Why are there no alternatives to TeX, or, why is TeX still used?

(My apologies in advance for any "too long; didn't read" sentiments -- if you only read one thing out of this, make it this link: Best Way to Start Using LaTeX/TeX?)

My Non-Expert Background:

  • I started using LaTeX around 2002 to help engineering students at my university write their M.S. theses and PhD dissertations.
  • For several years, I made basic modifications to an older thesis style file dating to the early 1990s, and made two or three attempts at writing one from scratch.
  • I finally succeeded with a version I started in 2008, and made a lot of changes to it recently to isolate my users from the style's inner structure by default. The new style covers every feature of the old style, adds quite a bit more automation for our odd page headings in the ToC and other lists, and has around 50% fewer lines of code.

Things I've learned:

  • Writing LaTeX documents is programming as soon as you get to even a moderate level of document requirements.
  • It can be programmed badly, or programmed efficiently.
  • How badly or efficiently you program it is strongly influenced by obsessive-compulsive tendencies, curiosity, and critical thinking.

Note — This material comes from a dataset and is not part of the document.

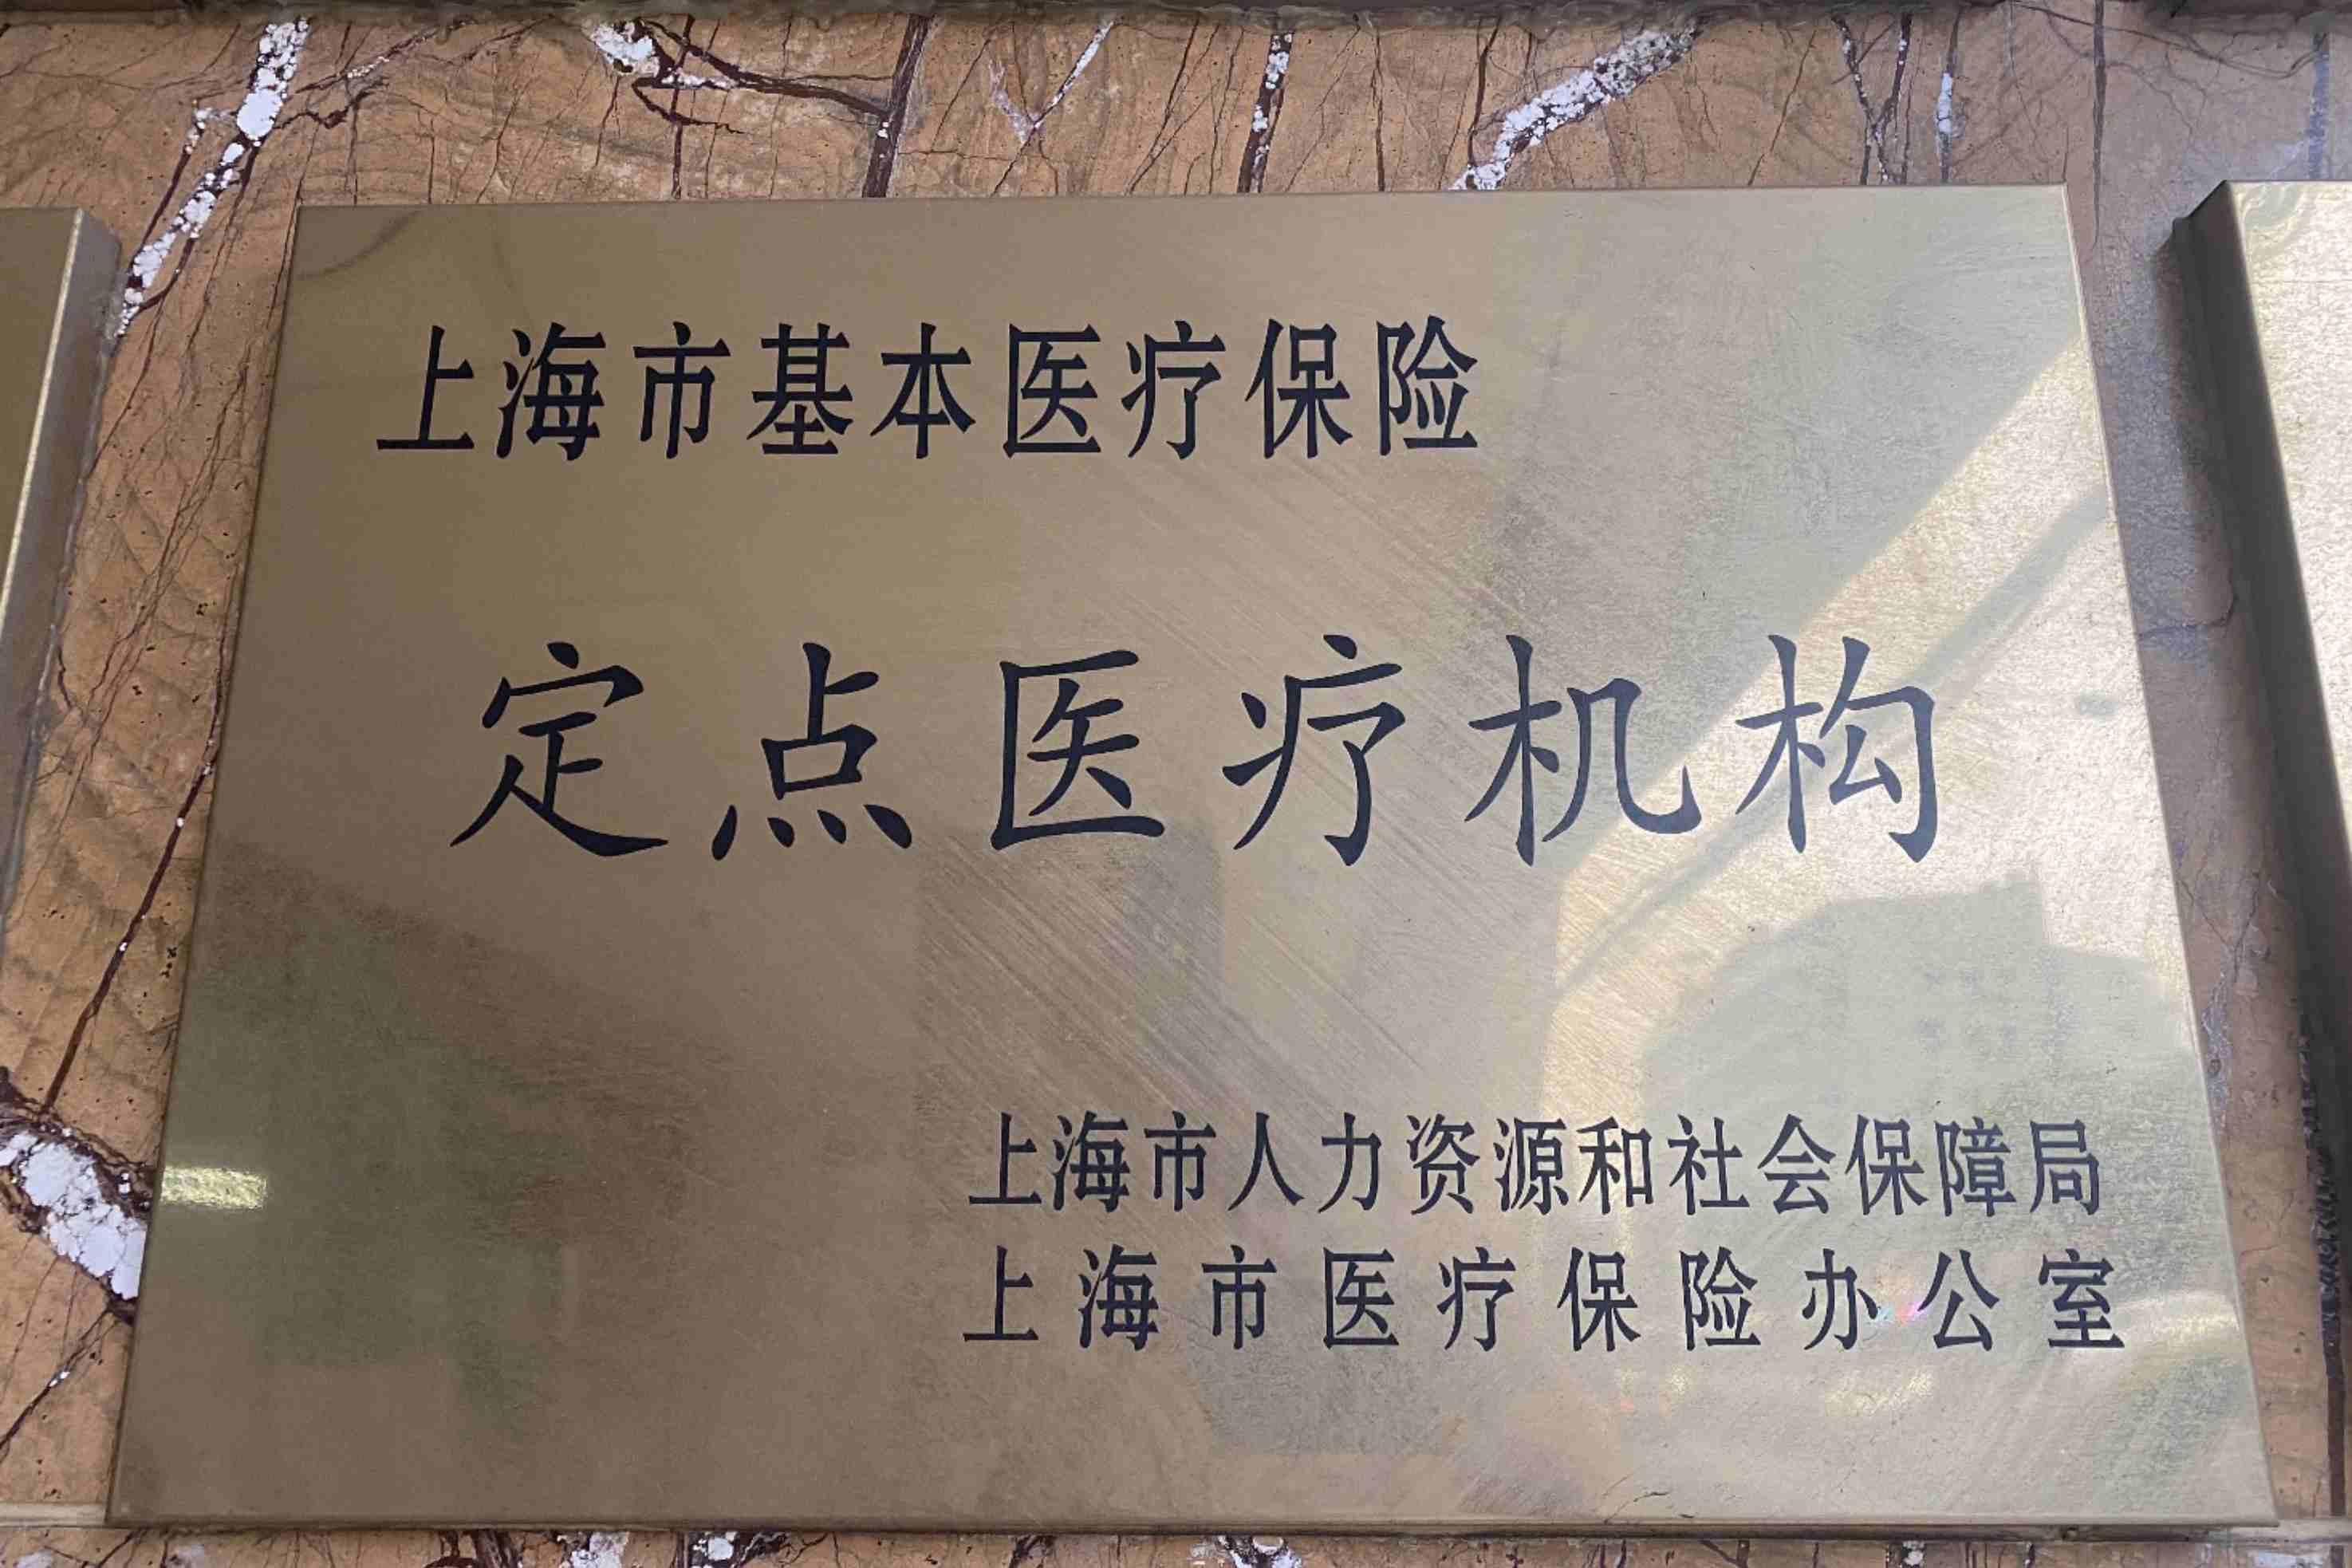 上海市医保定点
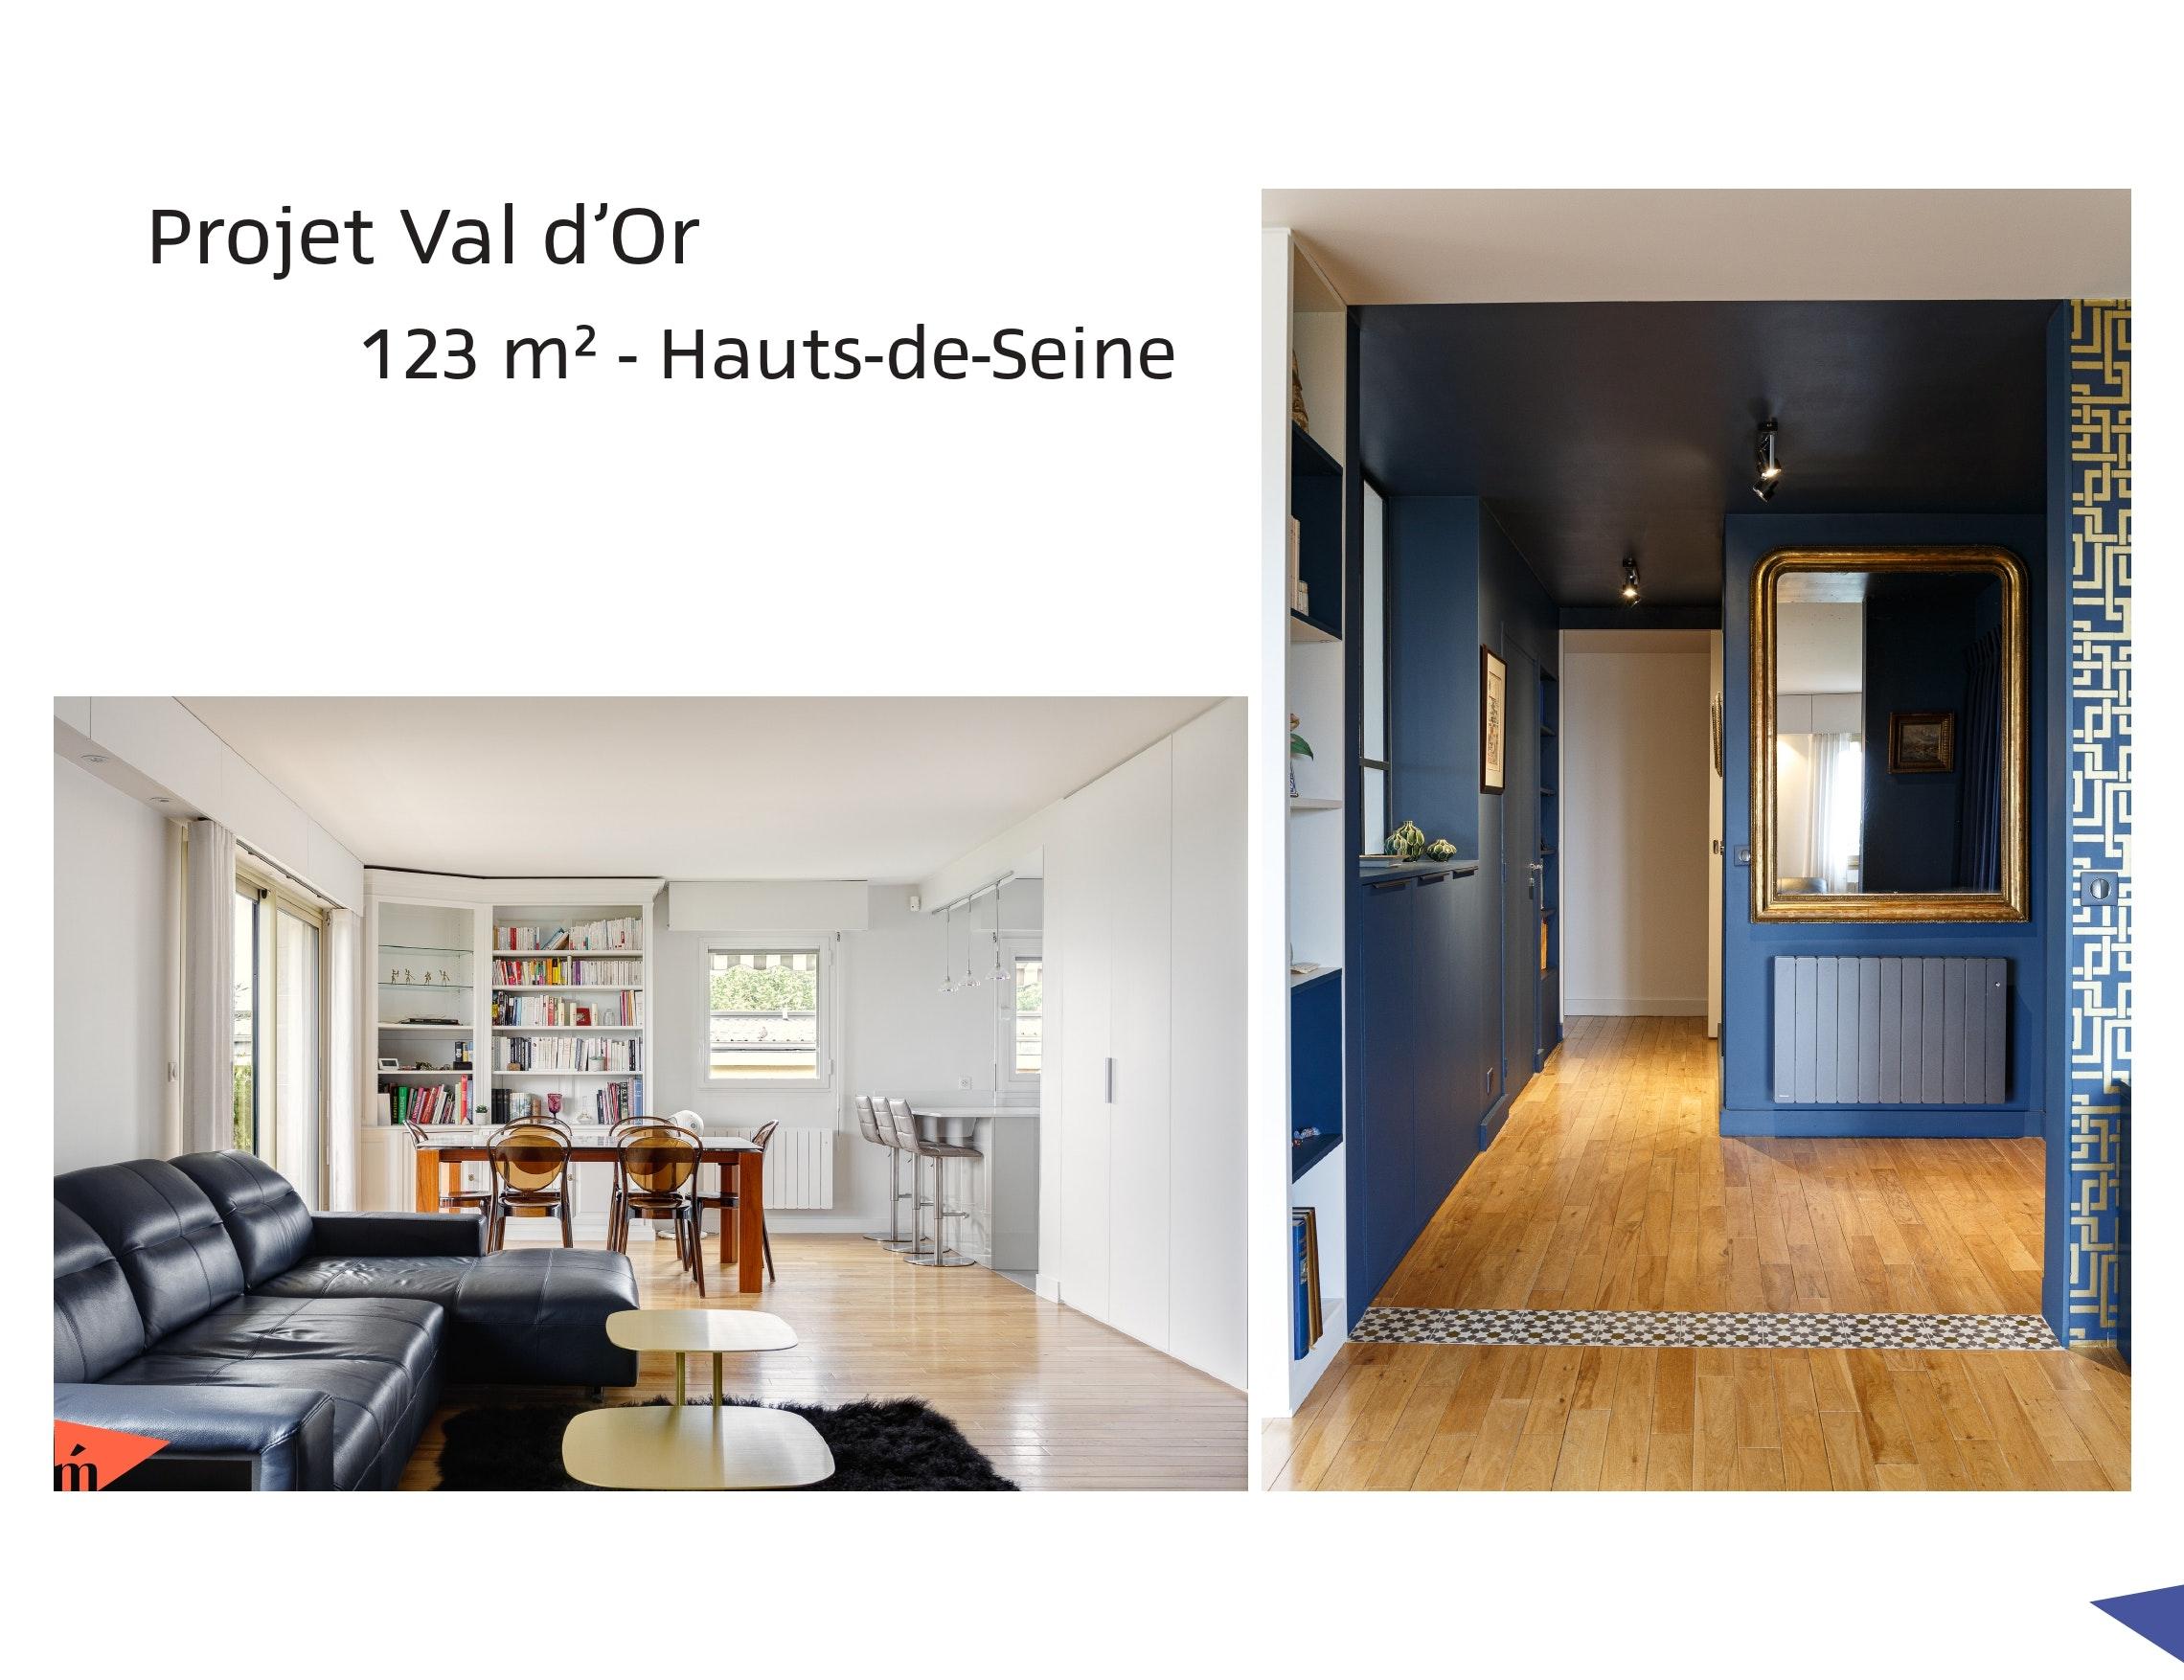 photo Projet Val d'Or - 123m² - Hauts-de-Seine Léa Mast - Architecte hemea

As for specific issues posed:

most error messages have a mysterious origin

I can see where you're coming from there. You certainly don't get a clean Pythonic stack trace. There's no easy debugging tools (ConTeXt may have better support, though). Debugging is generally a process of producing minimal working examples, which either lets you identify where the problem went away as you started commenting and removing code, or at least scopes the problem down enough to where you can get expert advice more easily.

Really, this reminds me of how we'd debug Fortran code back in the day with 'echo checks' when we didn't have a good debugger (or else didn't know how to use one).

I have to read a paper on font naming schemes to find how to apply Helvetica?

I'm assuming this is partially hyperbole, but it does speak to the varying levels of documentation available. Some documentation is out of date, some is incomplete. Googling 'latex font' returns a pretty unpredictable range of answers, including some that are either just wrong, or outdated, or incomplete.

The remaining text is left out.